Quantitative bone scintigraphy is a useful method to diagnose sacroiliitis. However, there is significant overlap between healthy and pathological sacroiliac index (SI) values for adult patients, while there are no such sufficient data for children. This study was aimed mainly to assess normal SI values in different age groups of pediatric patients using 2 different quantitative methods.


Normally reported bone scans of 79 children were retrospectively reviewed. Two different methods were used for quantitation. For the first method, sacrum was used as a background site while L5 vertebra was used instead for the second method. Right/left SI values of both methods were compared with each other in relation with gender and different age groups, as group 1 (1-5 years), group 2 (6-10 years), group 3 (11-15 years) and group 4 (16-18 years). Additional comparison was made with a group of young-adult population of 21-30 years old as group 5 to assess the effect of age.

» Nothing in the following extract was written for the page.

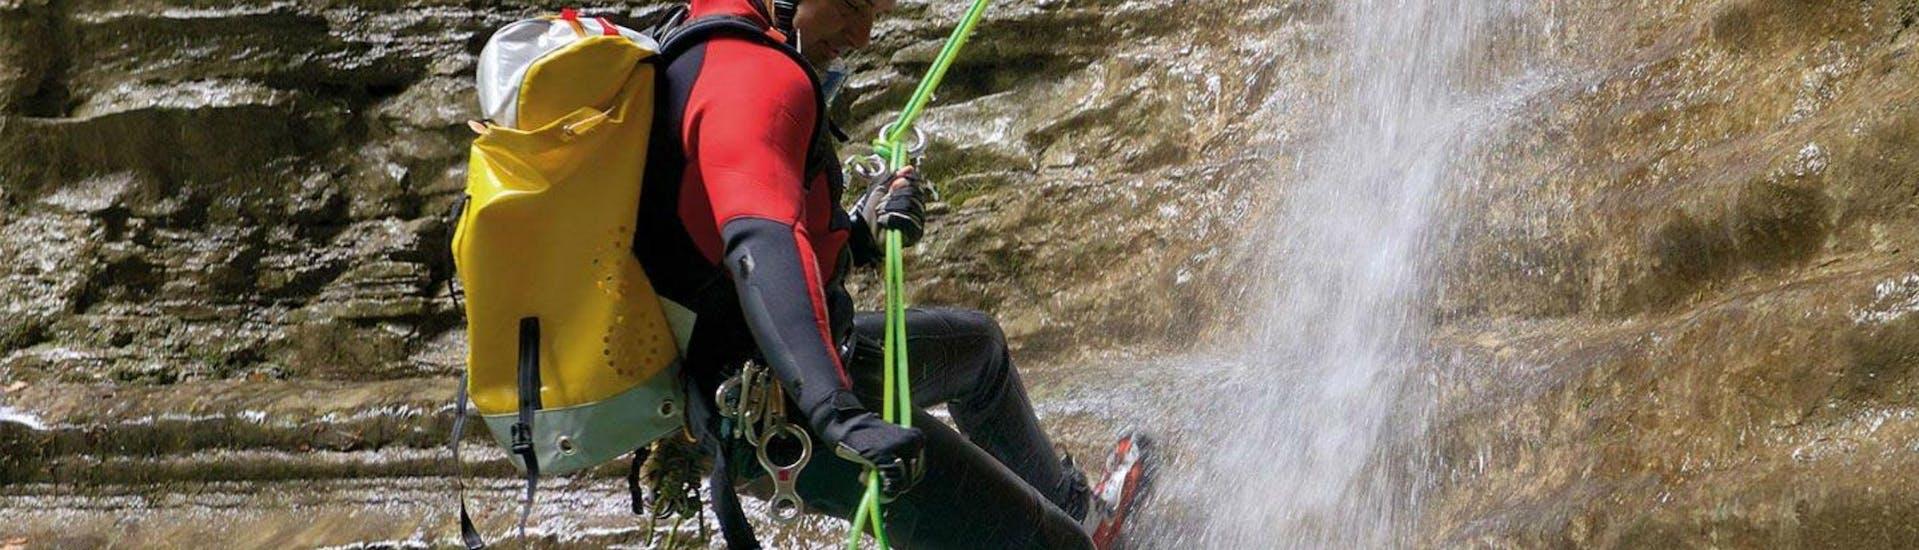 Canyoning for Adventurers - Wunzenschlucht

Gender-based comparison yielded significantly higher SI for females for the first method, while no significant difference existed for the second one. Significant increase in SI with both methods was found as age increased. Significantly lower SI was found from the second method, when similar age groups like group 1-2 or group 2-3 were compared with each other, while no such difference existed for the first method. For each individual patient from any age group, method-based comparison resulted in a significantly different SI with both methods.


In pediatric population, SI tends to increase as age increases. Quantitation method using sacrum as background yields significantly higher SI for female gender. Alternative use of L5 as background site for quantitation performs well in children. Since two methods resulted in significantly different SI, individualized cut-off values for each age group for any method are practically warranted.